▸ **What you will do**: Beginning with the line that contains "Detallada pintura rupestre" and ending with the line that contains "АлюминиевыйF-о", reproduce the lines of the entries below exactly, omitting pictures.

▸ **Exercise data**:

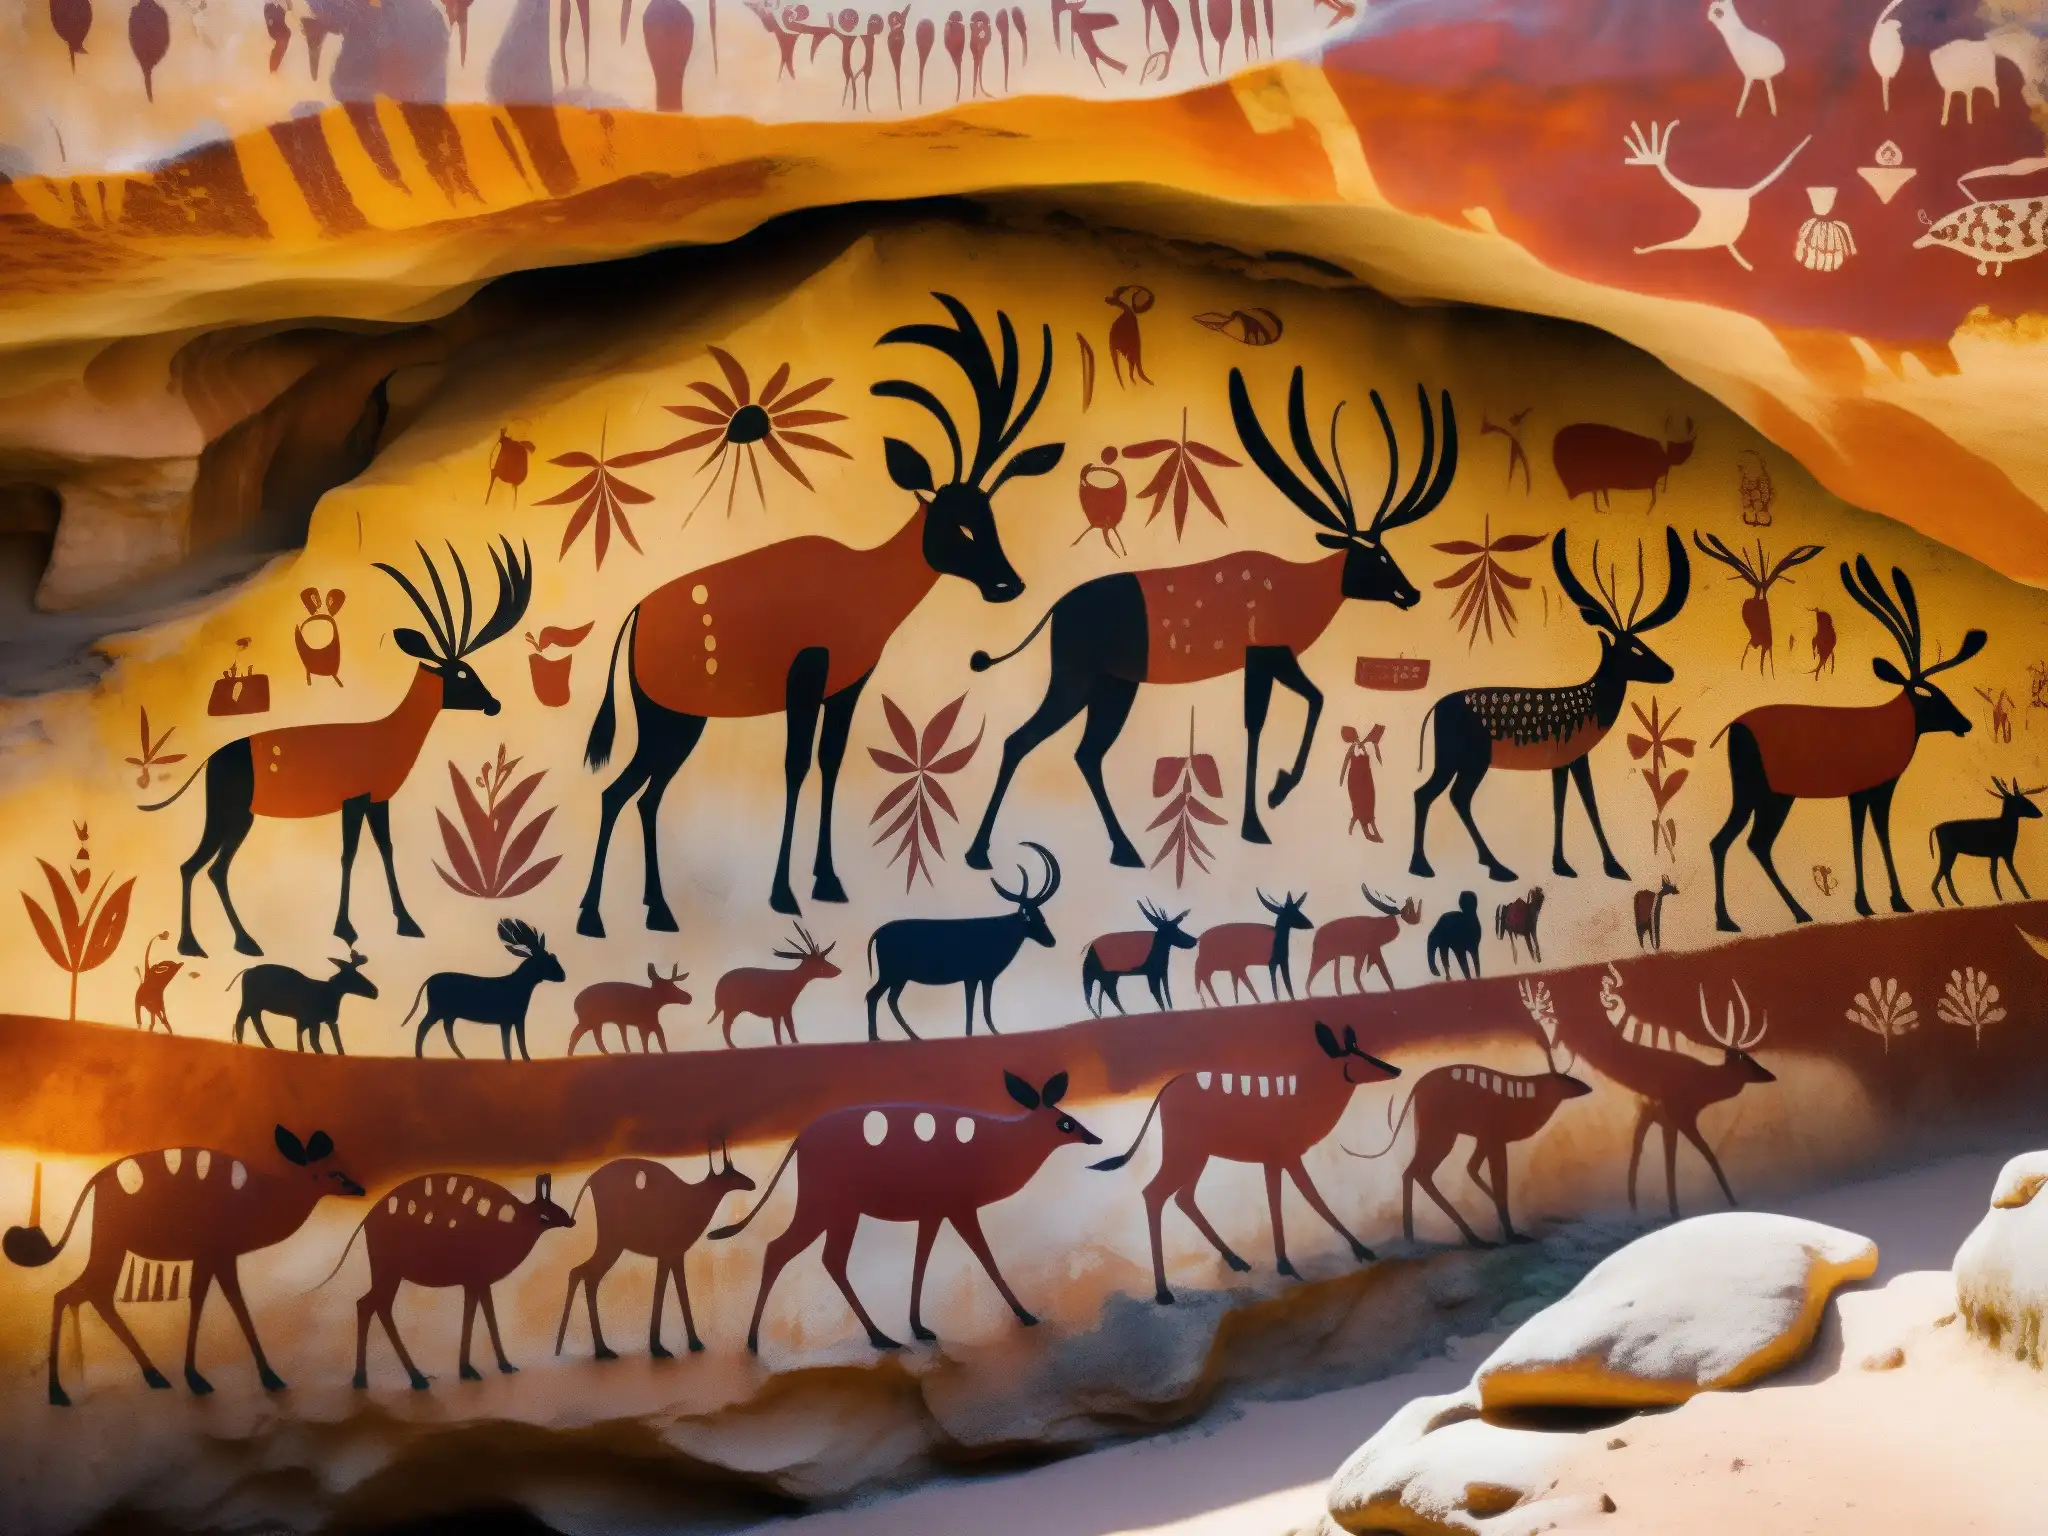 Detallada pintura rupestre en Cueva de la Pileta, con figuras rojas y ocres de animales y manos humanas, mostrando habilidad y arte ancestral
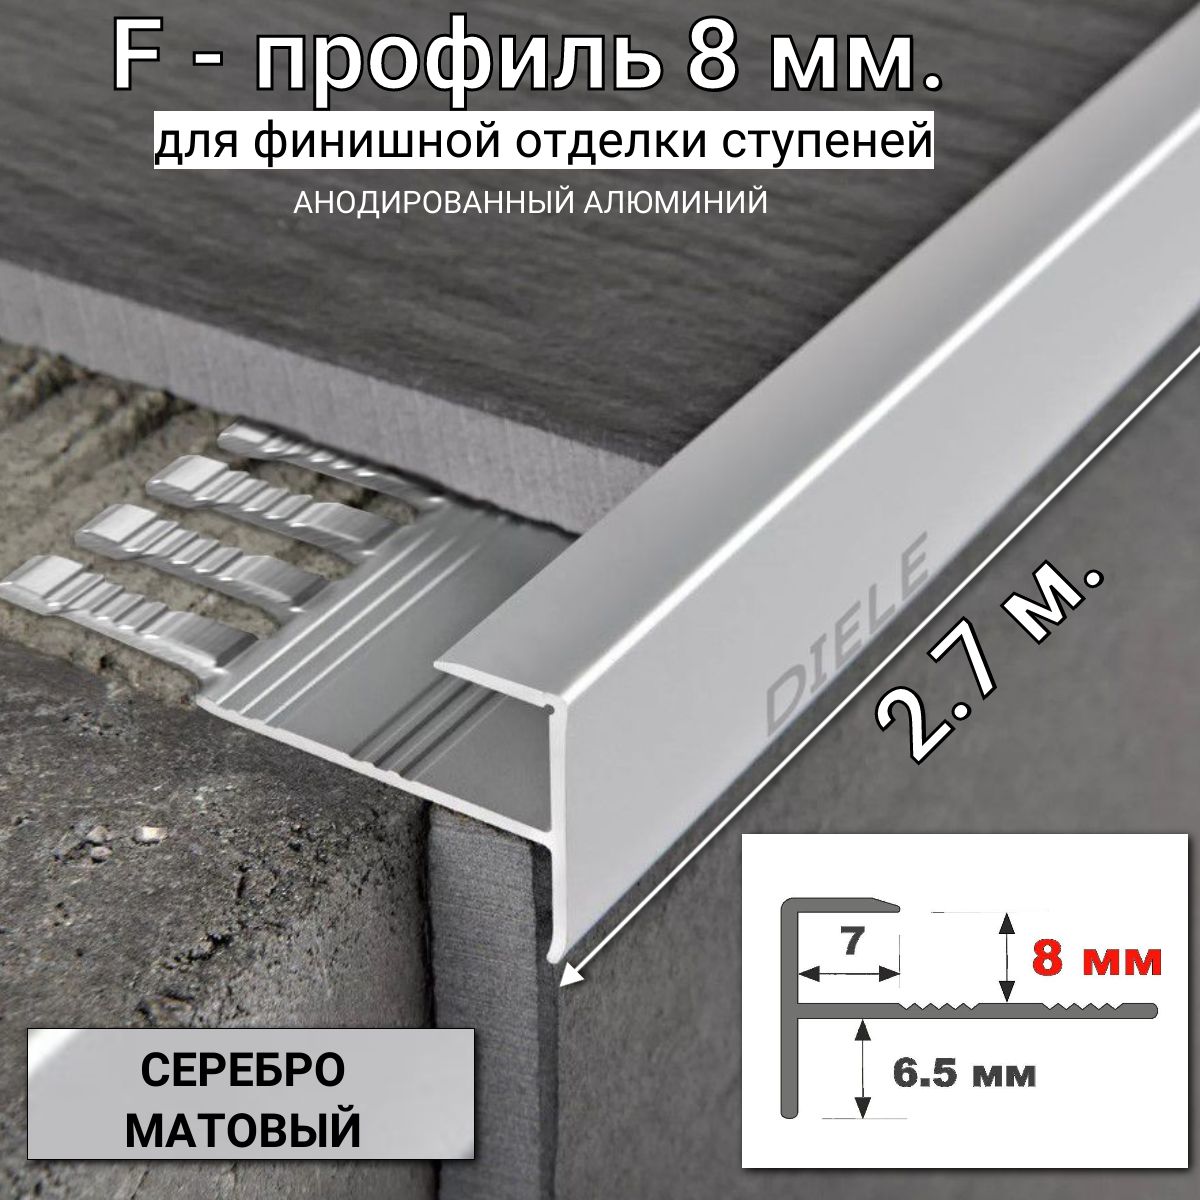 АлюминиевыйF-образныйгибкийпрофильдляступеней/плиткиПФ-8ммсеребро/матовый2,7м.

---

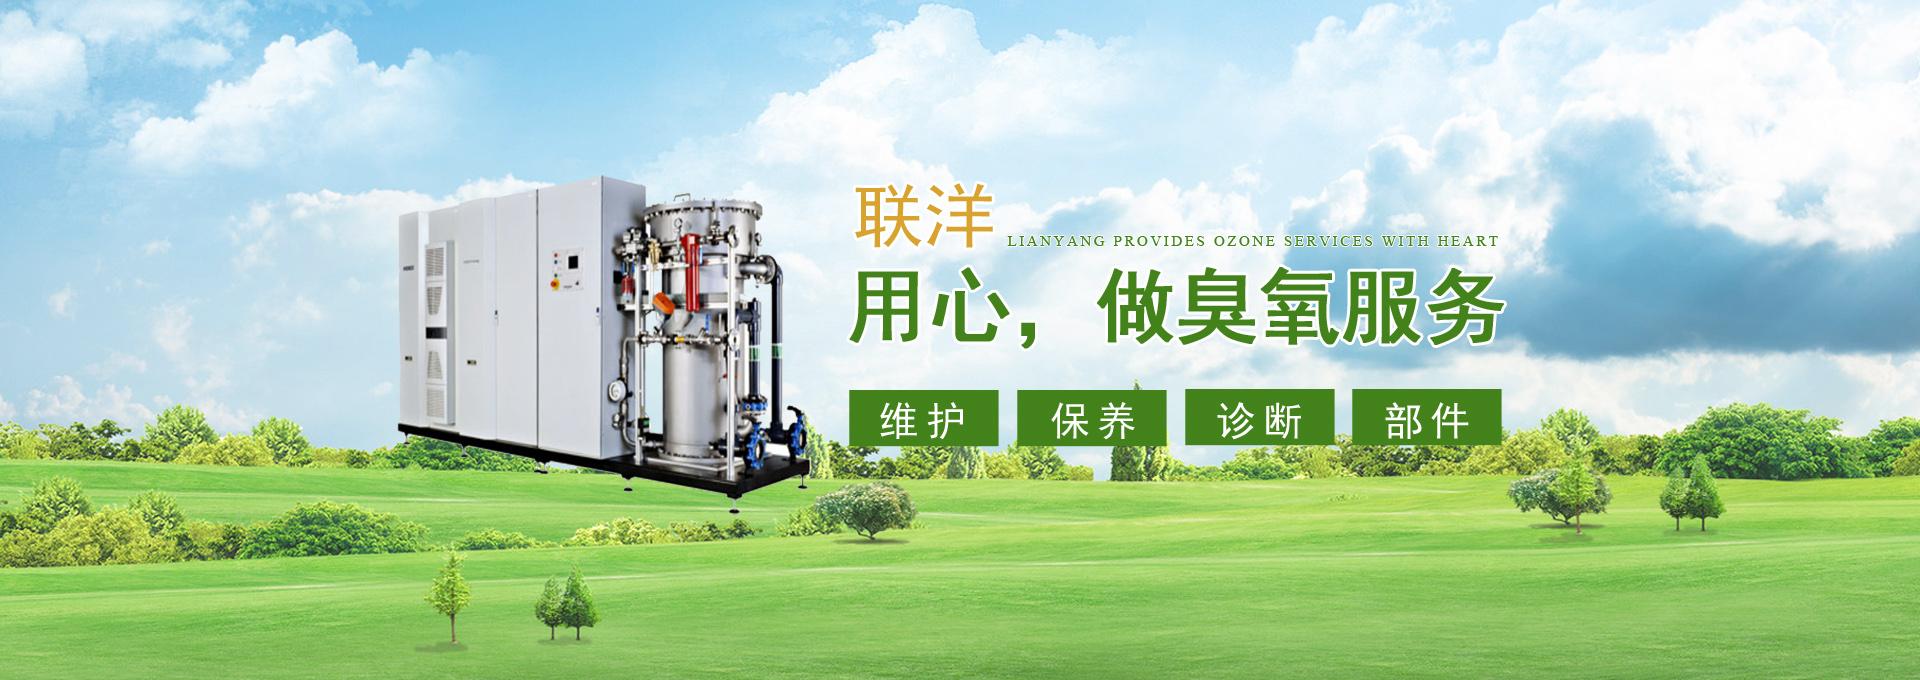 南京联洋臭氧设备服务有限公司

▸ **Response to the task**:
 Detallada pintura rupestre en Cueva de la Pileta, con figuras rojas y ocres de animales y manos humanas, mostrando habilidad y arte ancestral
 АлюминиевыйF-образныйгибкийпрофильдляступеней/плиткиПФ-8ммсеребро/матовый2,7м.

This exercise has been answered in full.